Can encouraging respondents to contact interviewers to make appointments boost co-operation rates and save costs? Evidence from a randomised experiment in the UK

Publication type

Research Paper

Series Number



CLS Working Paper Series


Publication date

September 15, 2013


Within an international context of declining survey response
rates and increasing survey costs, there is increasing emphasis on finding
innovative ways to maintain response rates and improving the cost-effectiveness
of fieldwork effort. One of the main components of survey costs is interviewer
call attempts associated with making contact. An innovative approach to
reducing these costs, pioneered by the National Opinion Research Center (NORC)
on the 1979 cohort of the National Longitudinal Surveys of Youth (NLS79) in the
US, is to encourage, using an additional incentive, sample members to initiate
contact and book an appointment for their interview, rather than waiting for an
interviewer to contact them.

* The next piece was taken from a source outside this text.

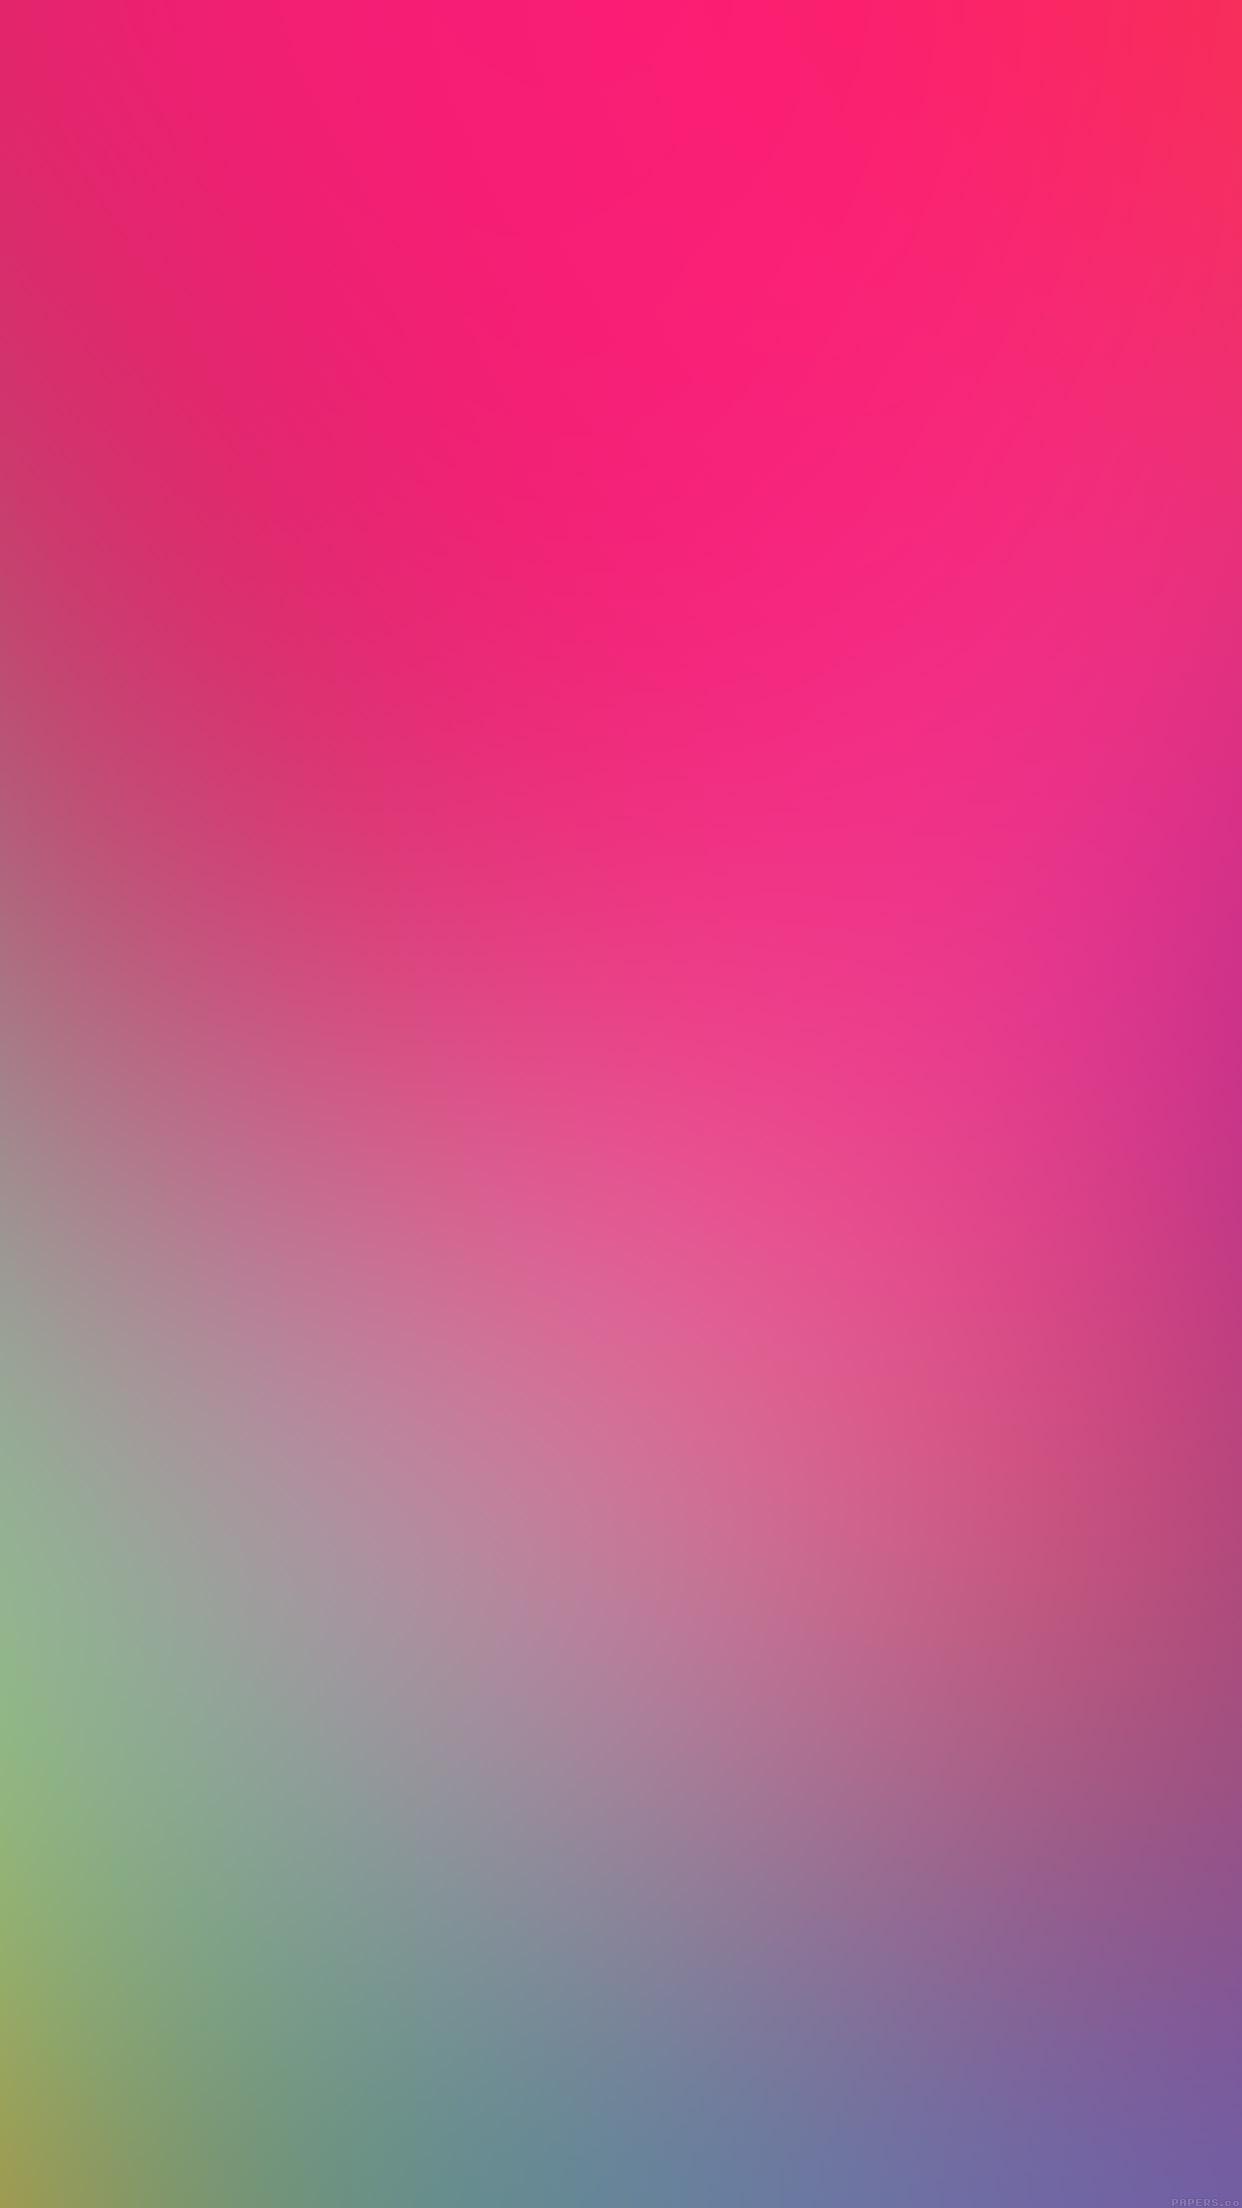 color gradation coloring pages - photo#14

This paper describes a randomised experiment,
conducted on the Innovation Panel of Understanding Society: the UK Household
Longitudinal Study (UKHLS) in 2011, which sought to evaluate whether this
‘early bird’ approach could be successful in a UK context. Our experiment also
included a treatment group who were not offered an incentive to become an
‘early-bird’ and were instead encouraged to book an appointment by an appeal to altruism. We found that
significantly fewer call attempts were required for households who took up the
early-bird offer. Our experimental and analytical approach meant that we were
able to robustly attribute this reduction to the take-up of the offer. No
impact on response rates was detected. We also found that although some respondents
took up the offer as a result of the appeal to altruism, a higher proportion
did so when an incentive to become an ‘early-bird’ was offered. However,
overall the take-up of the early-bird offer was relatively low, and much lower
than on NLSY79, and for this reason there was no overall reduction in fieldwork
effort. This implies that the early-bird approach has the potential to reduce
costs, but that further research is needed to examine ways of encouraging a
higher proportion of respondents to set-up appointments for themselves.